We are pleased to report that The Monkey is on the higher tier of the King adaptations.
Osgood Perkins, fresh from scaring the hell out of us with Longlegs (a movie that just narrowly missed our year-end top 10 list in December) continues his streak with his take on the Stephen King short story.
The premise is simple; a wind-up monkey brings death when it is played, and it doesn’t discriminate.
The monkey doesn’t take requests, and it will kill people at random with no rhyme or reason attached.
A set-up that good screams film potential, but what is surprising is that Perkins leans into a black comedy element and spins it into gold.
Theo James stars in a duel role as twin brothers; one a more soft-spoken, divorced dad type, a stand-in for King, and the other a classic foul-mouthed King character who speaks like a cartoon villain.
Twin brothers Hal and Bill are left with the titular monkey by their absent father (as the film stresses, it’s not a toy) and they soon find that death follows in the wake of the monkey whenever it is wound up.
Perkins gets a lot of mileage out of the absurdity of death and the “shit happens” nature of the concept and that is the films strong suit.

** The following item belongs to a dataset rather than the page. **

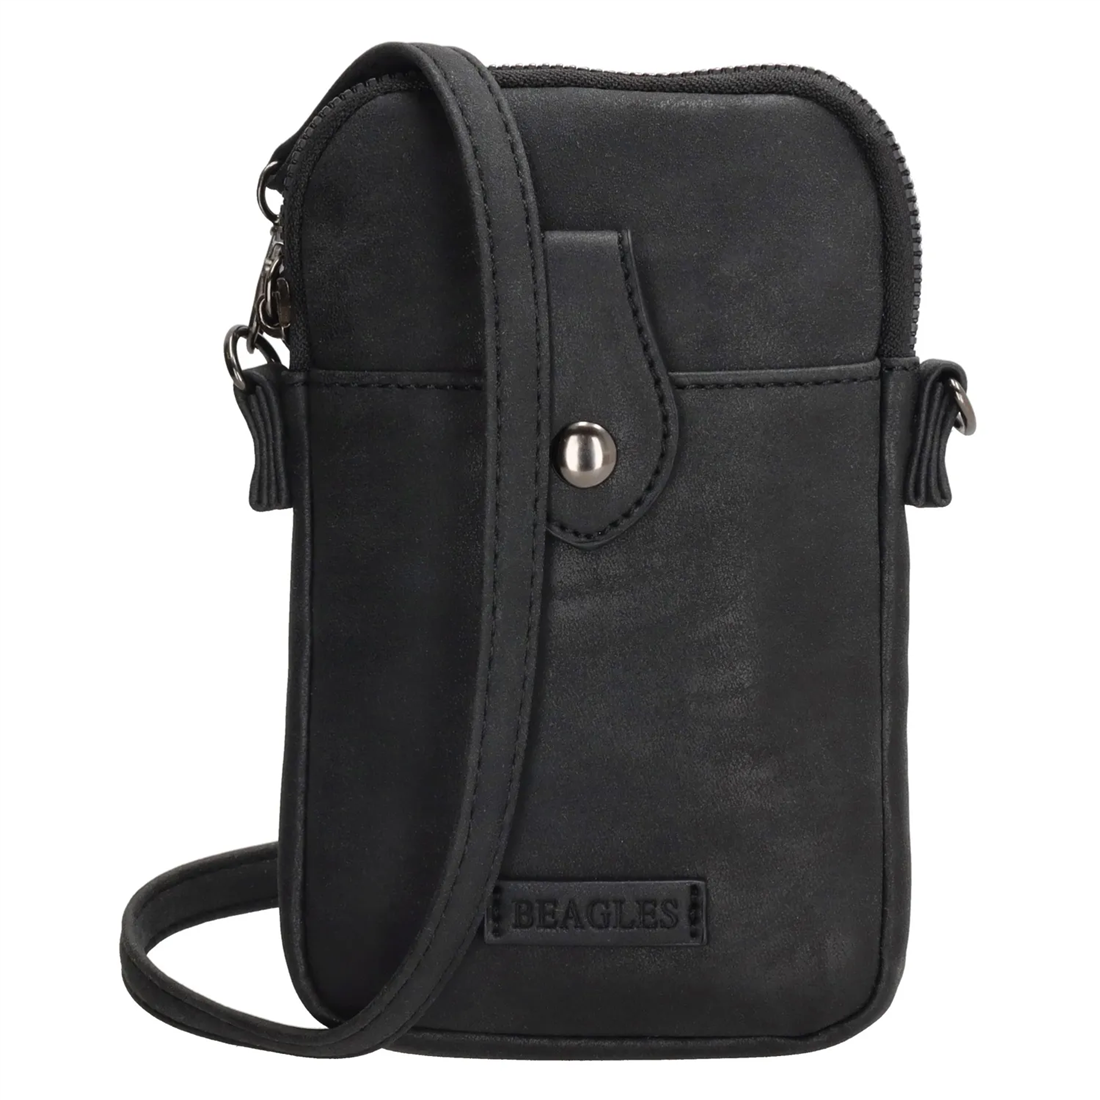 Deagles Phone bags+shoulder belt and space for cards color black

There are comedy elements in King adaptations, but The Monkey is an outright comedy.
Like Heart Eyes, the same rules apply when you’re trying to scare an audience or tell a joke, it’s all in the build-up.
Perkins revels in the slow build-up and suspense and lets rip.

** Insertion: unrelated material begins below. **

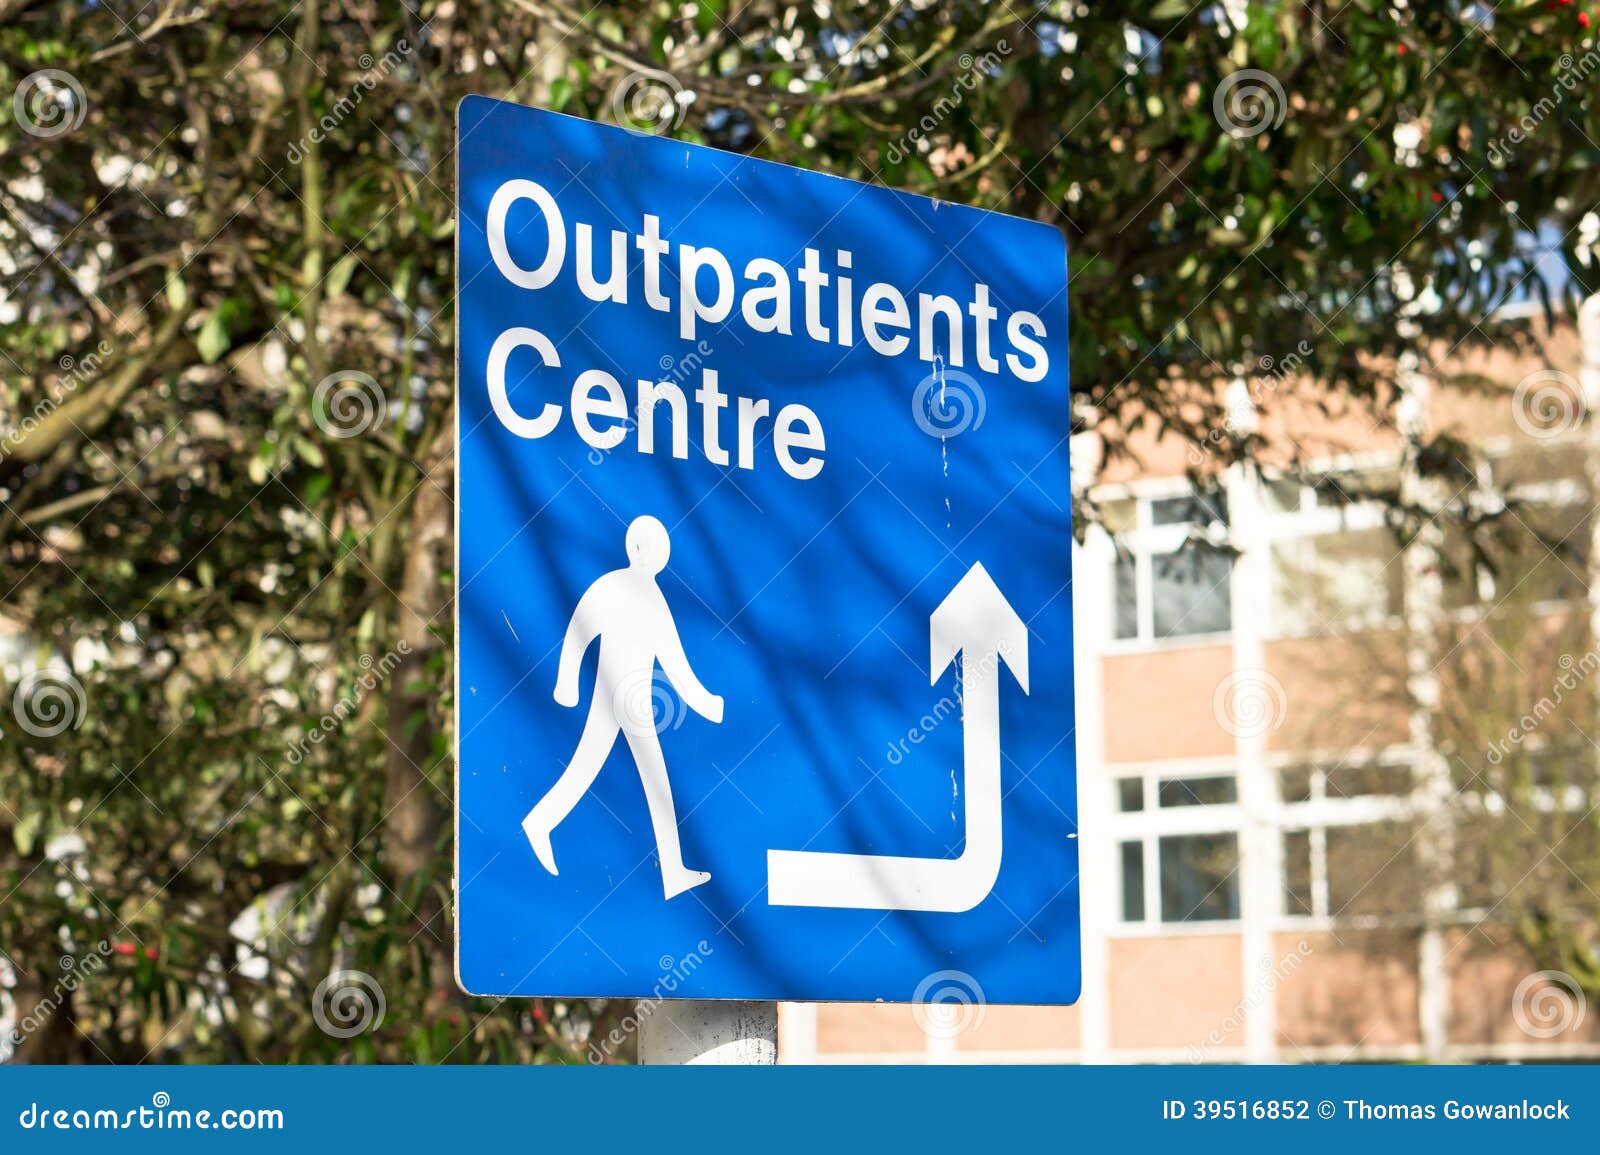 outpatients centre

And somehow, it works every time.
Theo James has been stuck in the “pretty boy that Hollywood can’t figure out” zone for the best part of a decade now but The Monkey is a brilliant use of his talents.
Casting an actor in a dual role is always a gamble but James succeeds with flying colours here.
James is joined by a strong supporting cast such as Tatiana Maslany, Adam Scott in a blink and you’ll miss him role, Elijah Wood in a brief but memorable role and Schitt’s Creek’s Sarah Levy as someone who is the source of the film’s most shocking but hilarious scene.
The genius of The Monkey is how flippant and gauche the film is about death.
Death, we are told, is the one thing that happens to everyone with no exceptions.
It is the scariest thing in the world to a good majority of people, and for good reason, but Perkins relishes in treating death like a live-action cartoon.
There is a Final Destination quality to the deaths in The Monkey where your brain processes the shock factor of the death and then you burst out laughing at how absurd it is.
One memorable scene has a montage of the various freak deaths plaguing the Maine town where the film is set and it has the visual inventiveness of an Edgar Wright montage.
The Final Destination movies are the source of some of horror’s greatest moments over the last 25 years (the motorway scene in 2, the tanning bed and subsequent match cut in 3,) and Perkins plays with that visual shorthand in a really fun and clever way.
At about 100 minutes, The Monkey is a movie that leaves you wanting more and ultimately, that’s all we can ask for.
The Monkey is will worth seeking out if you like your comedy with a bit of blood and guts attached.